Giter Site home page Giter Site logo

genomicsnx / ouija Goto Github PK

View Code? Open in Web Editor NEW

This project forked from kieranrcampbell/ouija

0.0 1.0 0.0 3.09 MB

Incorporating prior knowledge in single-cell trajectory learning using Bayesian nonlinear factor analysis

R 50.95% Shell 0.50% Stan 2.71% C++ 45.84%

ouija's Introduction

Ouija

Ouija is a statistical framework for learning pseudotimes from single-cell RNA-seq data using only small panels of marker genes and prior knowledge of gene behaviour. The user can place priors on whether a given gene is up or down regulated along a trajectory, as well as where in the trajectory the regulation happens. Under-the-hood Ouija uses Bayesian hierarchical nonlinear factor analysis as implemented in the probabilistic programming language Stan.

Getting started

Installation

# install.packages("devtools")
devtools::install_github("kieranrcampbell/ouija")

To build the Ouija vignette install using

devtools::install_github("kieranrcampbell/ouija", local = FALSE, 
                          args = "--preclean", build_vignettes = TRUE)

Model fitting

Input is a cell-by-gene expression matrices that is non-negative and represents logged gene expression values. We recommend using log2(TPM + 1).

library(ouija)
data(synth_gex) # synthetic gene expression data bundled

Prior expectations in Ouija are encoded by whether we expect genes to turn on or off along the trajectory through the k_means parameter, with one for each gene. This is discussed further below.

strengths <- 5 * c(1, -1, 1, -1, -1, -1)
oui <- ouija(synth_gex, strengths)

Ouija also supports Variational Bayes using the inference_type = "vb" argument in ouija. For more details see the vignette.

Plotting

Since we've performed MCMC inference we should check the convergence:

plot(oui, what = "diagnostic")

We can then plot the gene behaviour at the MAP pseudotime estimates:

plot(oui, what = "behaviour")

An informative way to understand the uncertainty in the ordering is to look at the gene expression trace plot:

plot(oui, what = "heatmap")

We can also plot how the prior compares to the posterior over the activation parameters, such as strength or time:

plot(oui, what = "pp")

Extracting the pseudotimes

Point estimates

MAP estimates (ie point estimates) may be extracted using the map_pseudotime function for further downstream analysis:

t_map_estimate <- map_pseudotime(oui)

For example, if you're working with an SCESet object from the scater package, you could add this as a new variable in the phenotype data slot:

pData(sce)$Pseudotime <- map_pseudotime(oui)

If you wish to take a more Bayesian approach, the full set of pseudotime samples can be extracted from the underlying stanfit object, which is held in the $fit position of any ouija_fit object. The pseudotimes are encoded in the parameter t. To get the sample-by-cell matrix:

posterior_pseudotime_traces <- rstan::extract(oui$fit, "t")$t

Posterior errors

One of the advantages in performing a Bayesian pseudotime analysis is that we can quantify the posterior uncertainty in the pseudotimes of each cell.

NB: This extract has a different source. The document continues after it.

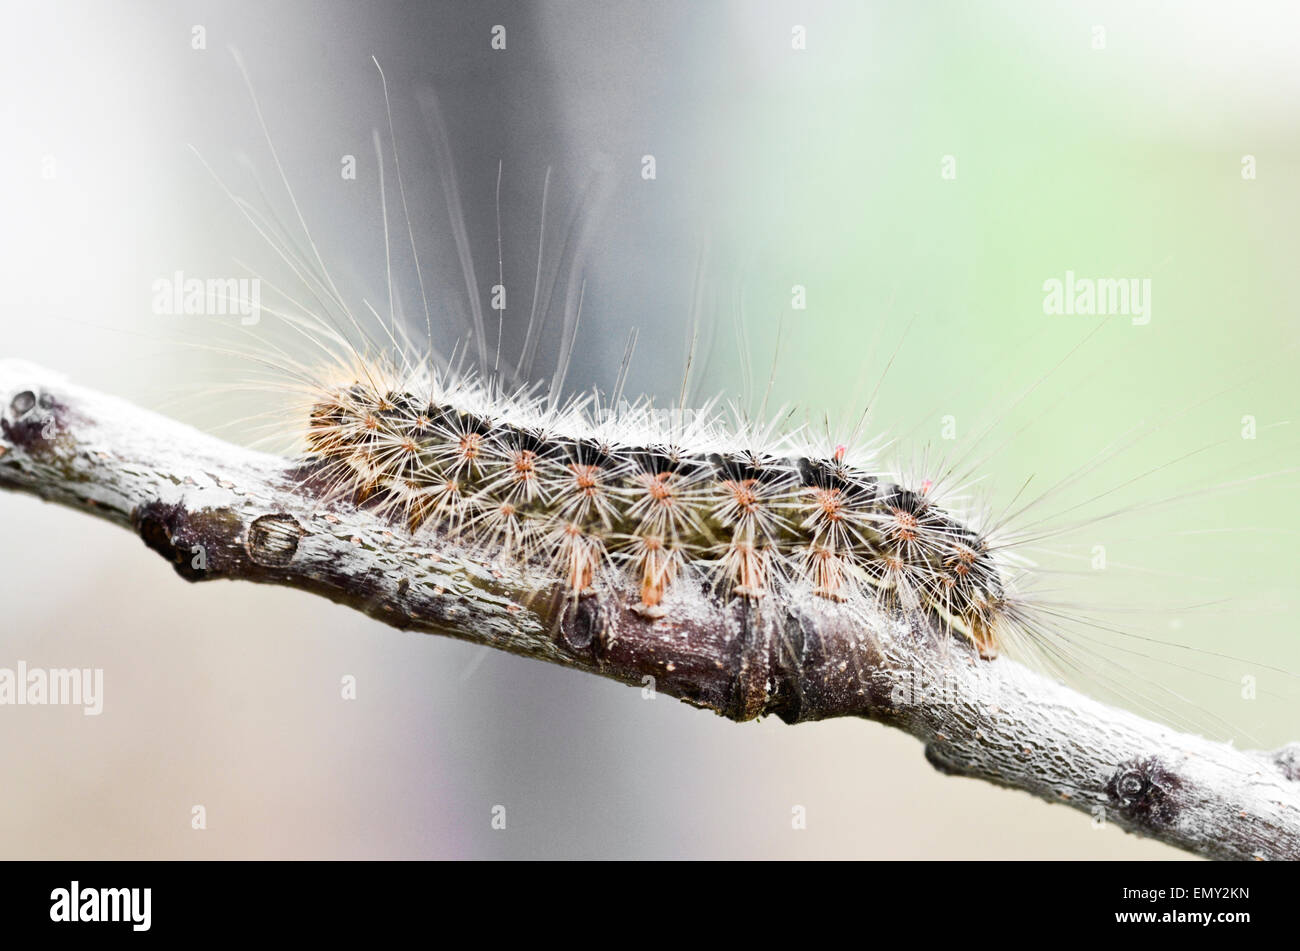 https://c8.alamy.com/comp/EMY2KN/white-cedar-moth-caterpillar-leptocneria-reducta-EMY2KN.jpg

To do this we can find the highest probability density (HPD) credible interval, which can be thought of as the Bayesian equivalent of a confidence interval. However, unlike a confidence interval, it does have the interpretation that there's a 95% chance the parameter (here the pseudotimes) will fall within the interval. To find the credible interval call

cred_int <- pseudotime_error(oui)

which returns a matrix with two columns, with the first column corresponding to the lower interval and the second corresponding to the upper interval. By default the interval probability is 95%, but this can be adjusted using the prob parameter.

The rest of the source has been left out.